Ablauf der CT-Untersuchung
Der CT-Scan selbst ist im Allgemeinen schmerzlos. Einige Patienten empfinden den Scannertisch möglicherweise als etwas hart oder verspüren leichte Beschwerden, weil sie in einer Position stillliegen müssen.
Der Scanner kann etwas laut sein und während des Betriebs surrende oder klickende Geräusche erzeugen. Sie können über eine Gegensprechanlage mit dem Technologen kommunizieren, der den Scanner bedient. Dieser gibt Ihnen Anweisungen, z. B. wann Sie den Atem anhalten müssen.
Wie bereits erwähnt, sind bei der Verabreichung von IV-Kontrastmittel vorübergehende Wärmegefühle, ein metallischer Geschmack oder der Drang zu urinieren häufig und in der Regel kein Grund zur Sorge.
Insgesamt ist das Verfahren schnell. Während Vorbereitung und Positionierung Zeit in Anspruch nehmen, dauert die eigentliche Scanphase, in der Bilder aufgenommen werden, bei vielen Standarduntersuchungen mit modernen MSCT-Scannern oft weniger als eine Minute.
Risiken und Nutzen von CT-Scans
Nutzen:
- Schnell, weithin verfügbar und liefert detaillierte Querschnittsbilder.
- Hervorragend geeignet zur gleichzeitigen Beurteilung von Knochen, Weichteilen und Blutgefäßen.
- Schmerzlos und nicht-invasiv (obwohl die IV-Kontrastmittelinjektion eine Nadel erfordert).
- Entscheidend in Notfallsituationen für die schnelle Diagnose von Traumata, Schlaganfällen und akuten Baucherkrankungen.
- Weniger empfindlich gegenüber Patientenbewegungen als MRT.
- Kann Biopsien und Drainageverfahren steuern.

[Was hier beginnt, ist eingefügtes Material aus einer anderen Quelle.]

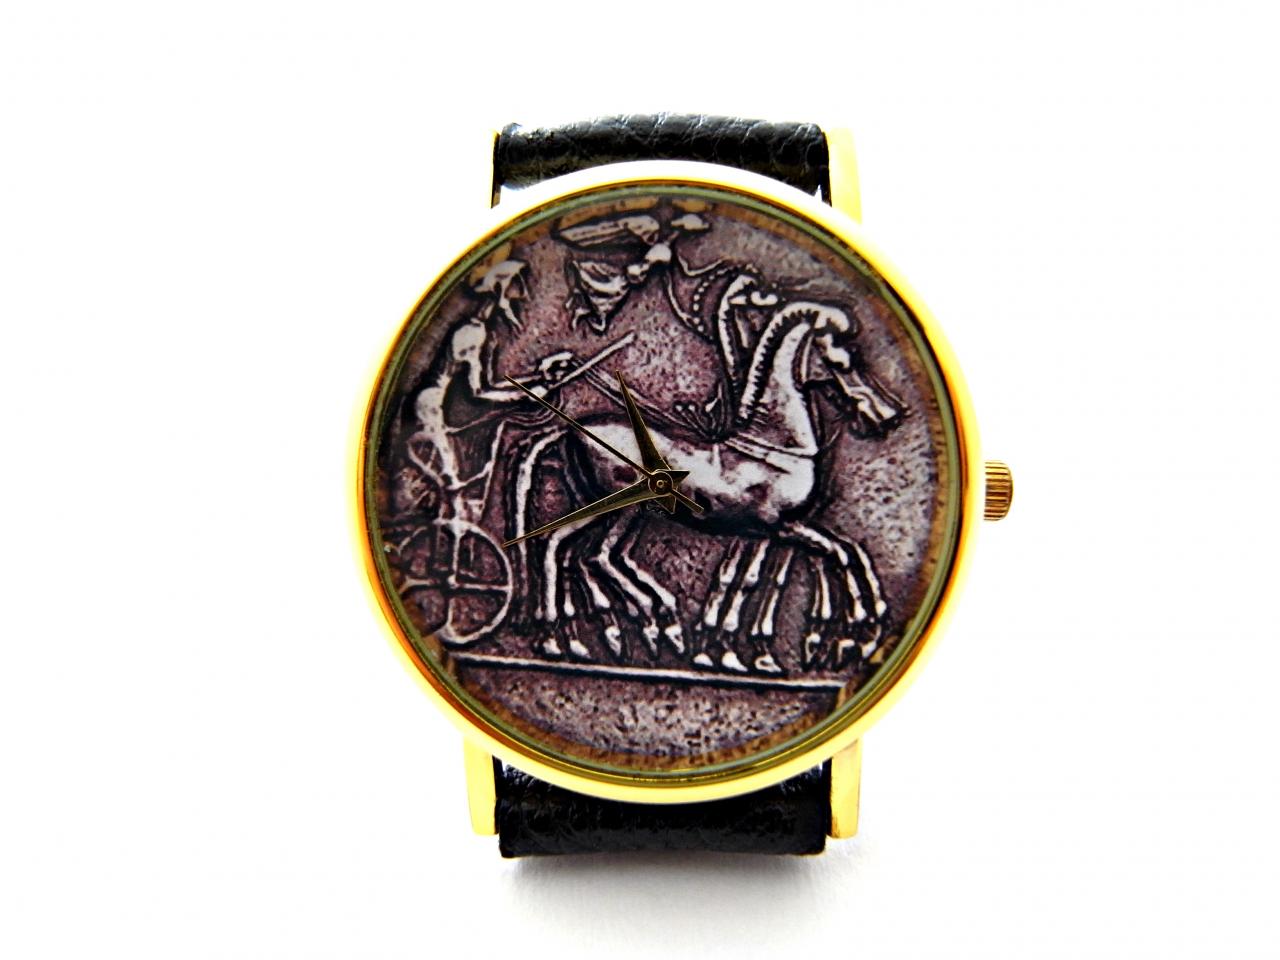 Antique Coin, Old Coin Leather Wrist Watch, Woman Man Lady Unisex Watch, Genuine Leather Handmade Unique Watch #111

- Sicher für Patienten mit den meisten implantierten medizinischen Geräten (im Gegensatz zur MRT).
Risiken:
- Ionisierende Strahlung: CT-Scans verwenden Röntgenstrahlen, eine Form ionisierender Strahlung. Obwohl die Dosis eines einzelnen Scans im Allgemeinen niedrig ist und sorgfältig kontrolliert wird (nach dem ALARA-Prinzip - As Low As Reasonably Achievable), besteht ein geringer, theoretischer Anstieg des lebenslangen Krebsrisikos im Zusammenhang mit der kumulativen Strahlenbelastung durch mehrere Scans. Der diagnostische Nutzen muss immer gegen dieses potenzielle Risiko abgewogen werden. Wiederholungsscans werden nur durchgeführt, wenn sie medizinisch notwendig sind.
- Reaktionen auf Kontrastmittel:
- Allergieähnliche Reaktionen: Die meisten IV-Kontrastmittel enthalten Jod. Leichte Reaktionen (Juckreiz, Nesselsucht, Übelkeit) können auftreten. Schwerere, anaphylaktische Reaktionen sind selten, aber möglich. Patienten mit einer Allergie gegen Kontrastmittel oder anderen signifikanten Allergien in der Vorgeschichte haben ein höheres Risiko.
- Auswirkungen auf die Nieren (Kontrastmittelinduzierte Nephropathie - CIN): IV-Kontrastmittel können die Nieren potenziell belasten, insbesondere bei Patienten mit vorbestehender mittelschwerer bis schwerer Nierenerkrankung oder Diabetes. Bei Risikopatienten können vor der Kontrastmittelgabe Nierenfunktionstests erforderlich sein, und es können Hydratationsprotokolle angewendet werden.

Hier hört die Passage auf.